Re: [ovs-discuss] OVN: scaling L2 networks beyond 10k chassis - proposals

Robin Jarry via discuss Sat, 30 Sep 2023 06:50:50 -0700

Hi Vladislav, Frode,

Thanks for your replies.


Frode Nordahl, Sep 30, 2023 at 10:55:
> On Sat, Sep 30, 2023 at 9:43 AM Vladislav Odintsov via discuss
> <ovs-discuss@openvswitch.org> wrote:
> > > On 29 Sep 2023, at 18:14, Robin Jarry via discuss 
> > > <ovs-discuss@openvswitch.org> wrote:
> > >
> > > Felix Huettner, Sep 29, 2023 at 15:23:
> > >>> Distributed mac learning
> > >>> ========================
> > > [snip]
> > >>>
> > >>> Cons:
> > >>>
> > >>> - How to manage seamless upgrades?
> > >>> - Requires ovn-controller to move/plug ports in the correct bridge.
> > >>> - Multiple openflow connections (one per managed bridge).
> > >>> - Requires ovn-trace to be reimplemented differently (maybe other tools
> > >>>  as well).
> > >>
> > >> - No central information anymore on mac bindings. All nodes need to
> > >>  update their data individually
> > >> - Each bridge generates also a linux network interface. I do not know if
> > >>  there is some kind of limit to the linux interfaces or the ovs bridges
> > >>  somewhere.
> > >
> > > That's a good point. However, only the bridges related to one
> > > implemented logical network would need to be created on a single
> > > chassis. Even with the largest OVN deployments, I doubt this would be
> > > a limitation.
> > >
> > >> Would you still preprovision static mac addresses on the bridge for all
> > >> port_bindings we know the mac address from, or would you rather leave
> > >> that up for learning as well?
> > >
> > > I would leave everything dynamic.
> > >
> > >> I do not know if there is some kind of performance/optimization penality
> > >> for moving packets between different bridges.
> > >
> > > As far as I know, once the openflow pipeline has been resolved into
> > > a datapath flow, there is no penalty.
> > >
> > >> You can also not only use the logical switch that have a local port
> > >> bound. Assume the following topology:
> > >> +---+ +---+ +---+ +---+ +---+ +---+ +---+
> > >> |vm1+-+ls1+-+lr1+-+ls2+-+lr2+-+ls3+-+vm2|
> > >> +---+ +---+ +---+ +---+ +---+ +---+ +---+
> > >> vm1 and vm2 are both running on the same hypervisor. Creating only local
> > >> logical switches would mean only ls1 and ls3 are available on that
> > >> hypervisor. This would break the connection between the two vms which
> > >> would in the current implementation just traverse the two logical
> > >> routers.
> > >> I guess we would need to create bridges for each locally reachable
> > >> logical switch. I am concerned about the potentially significant
> > >> increase in bridges and openflow connections this brings.
> > >
> > > That is one of the concerns I raised in the last point. In my opinion
> > > this is a trade off. You remove centralization and require more local
> > > processing. But overall, the processing cost should remain equivalent.
> >
> > Just want to clarify.
> >
> > For topology described by Felix above, you propose to create 2 OVS
> > bridges, right? How will the packet traverse from vm1 to vm2?

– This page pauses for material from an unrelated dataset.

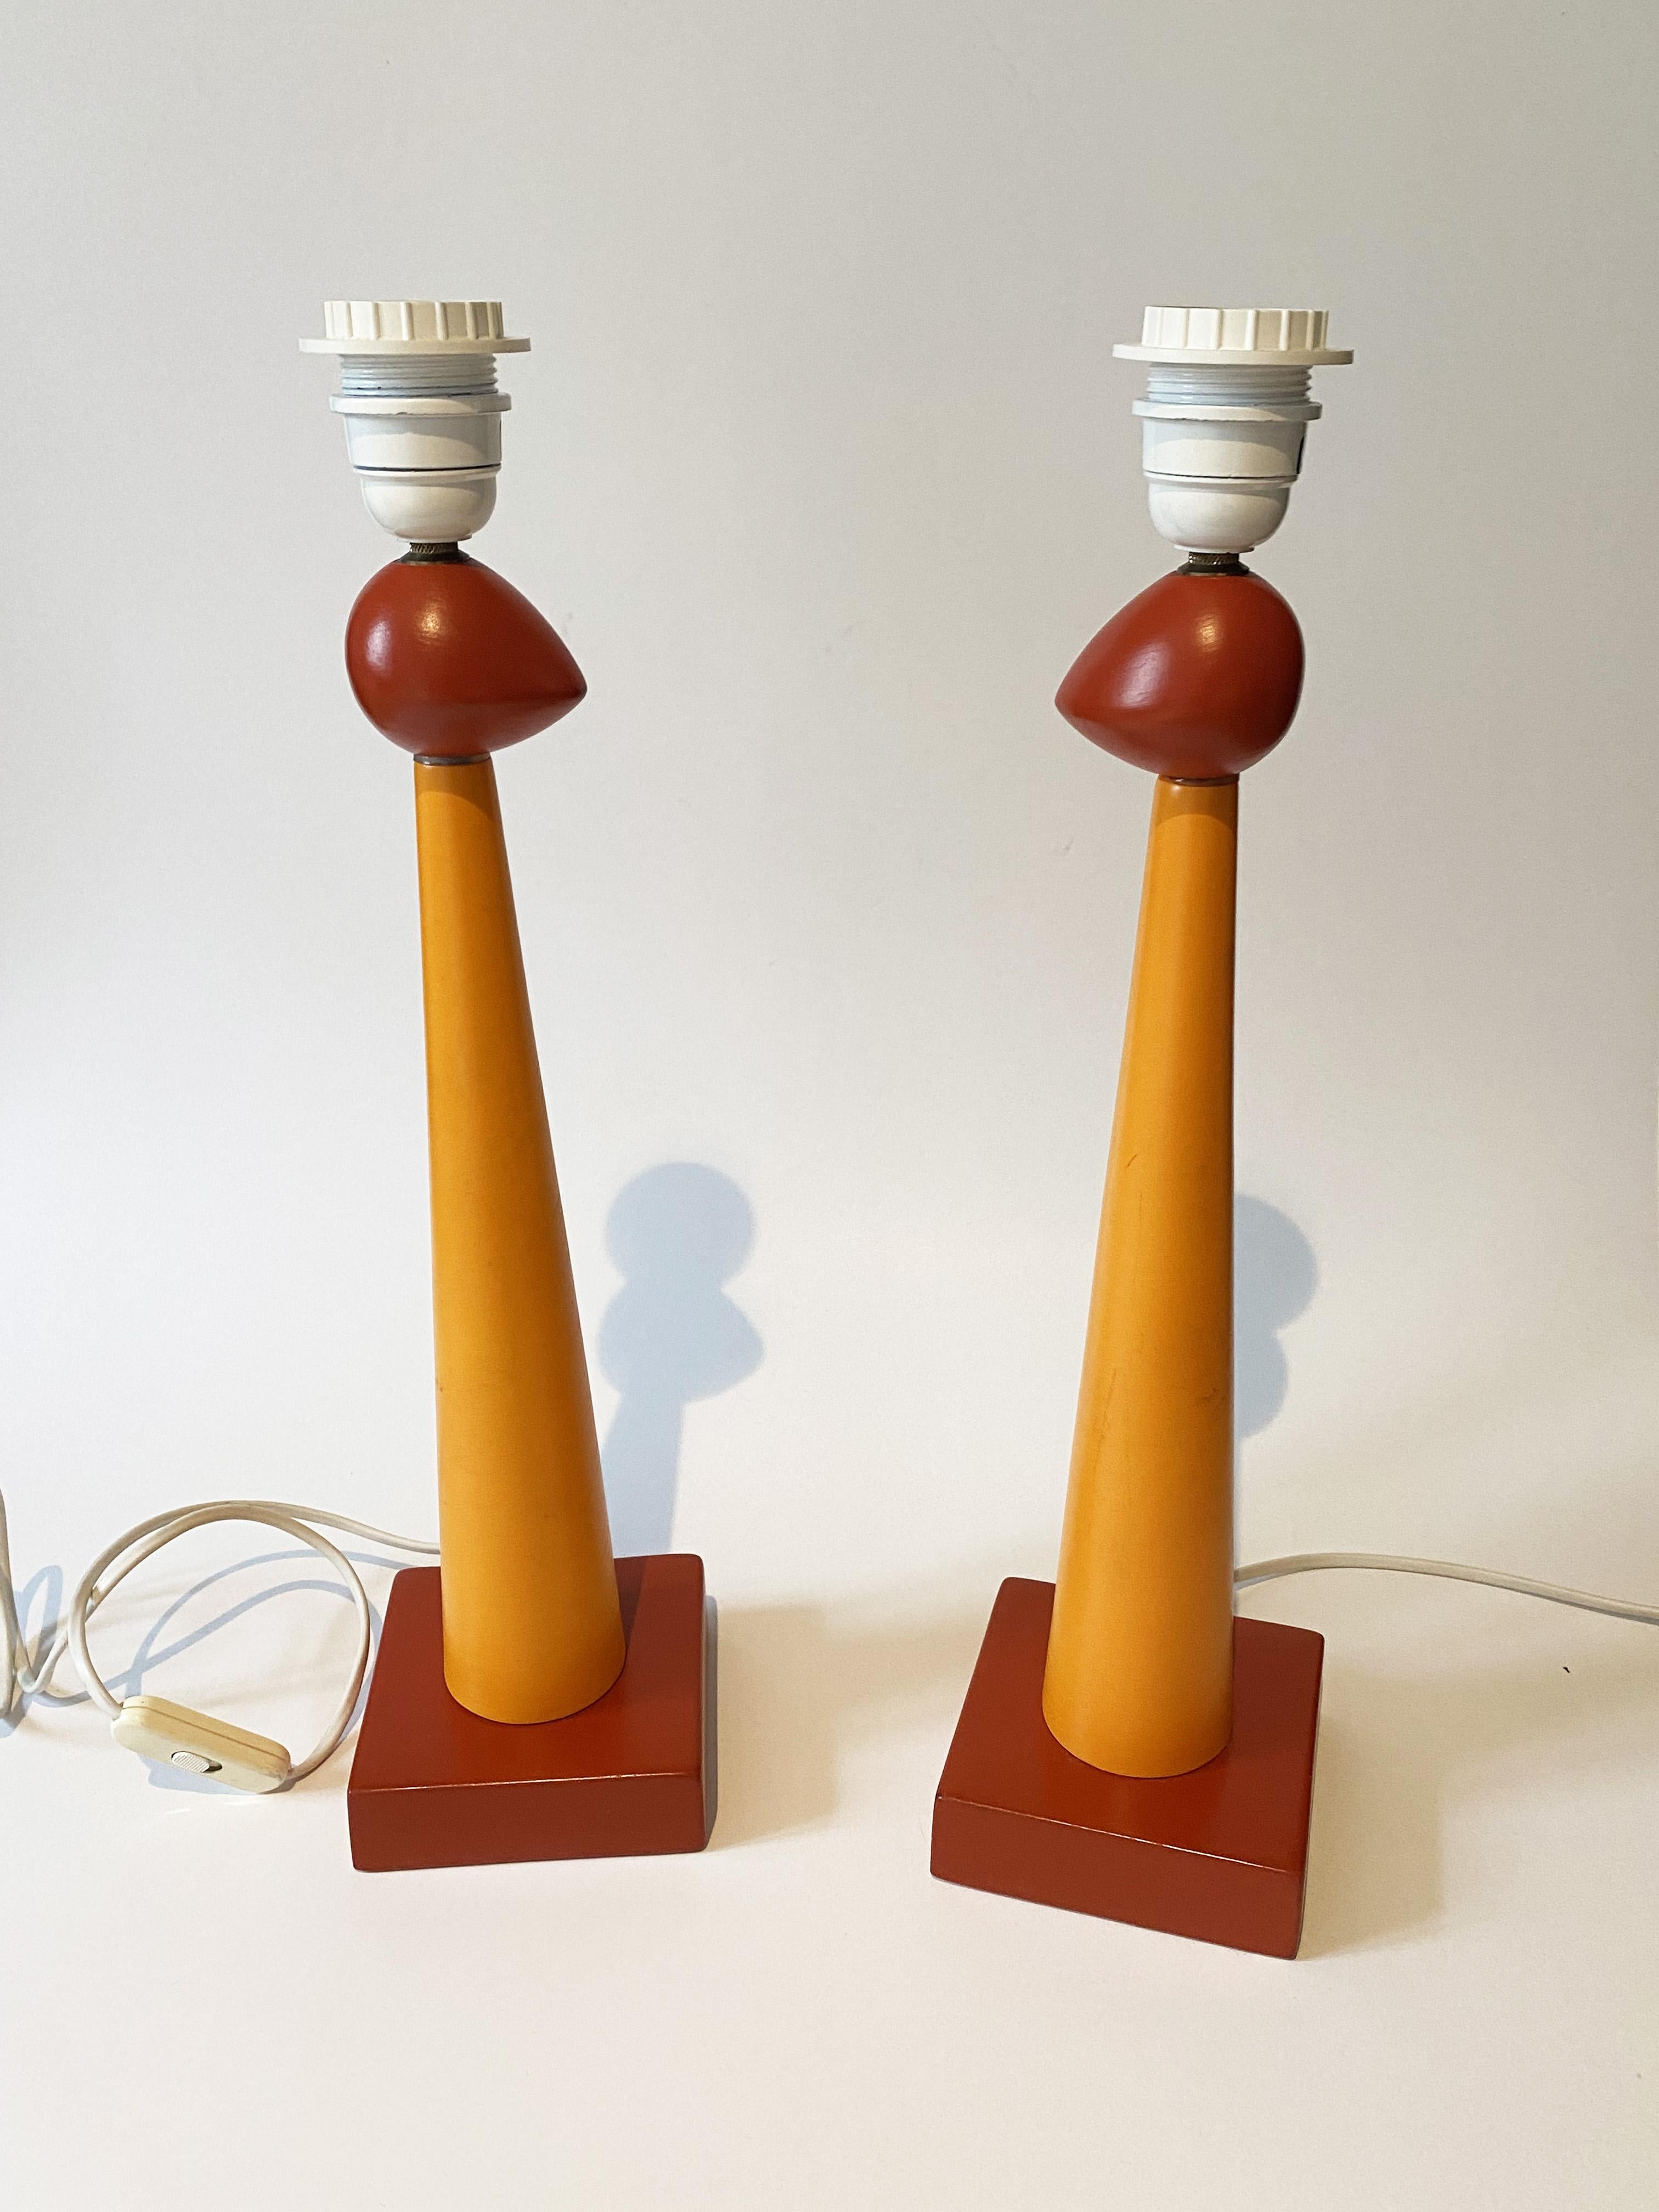 Set of 2 Postmodern Lamps in Ceramic, style of Memphis Milano or Olivier Villatte, 1980s.
Good condition, litte scratch on one of the lampshade

In this particular case, there would be 3 OVS bridges, one for each
logical switch.

> > Currently when the packet enters OVS all the logical switching and
> > routing openflow calculation is done with no packet re-entering OVS,
> > and this results in one DP flow match to deliver this packet from
> > vm1 to vm2 (if no conntrack used, which could introduce
> > recirculations).
> >
> > Do I understand correctly, that in this proposal OVS needs to
> > receive packet from “ls1” bridge, next run through lrouter “lr1”
> > OpenFlow pipelines, then output packet to “ls2” OVS bridge for mac
> > learning between logical routers (should we have here OF flow with
> > learn action?), then send packet again to OVS, calculate “lr2”
> > OpenFlow pipeline and finally reach destination OVS bridge “ls3” to
> > send packet to a vm2?

What I am proposing is to implement the northbound L2 network intent
with actual OVS bridges and builtin OVS mac learning. The L3/L4 network
constructs and ACLs would require patch ports and specific OF pipelines.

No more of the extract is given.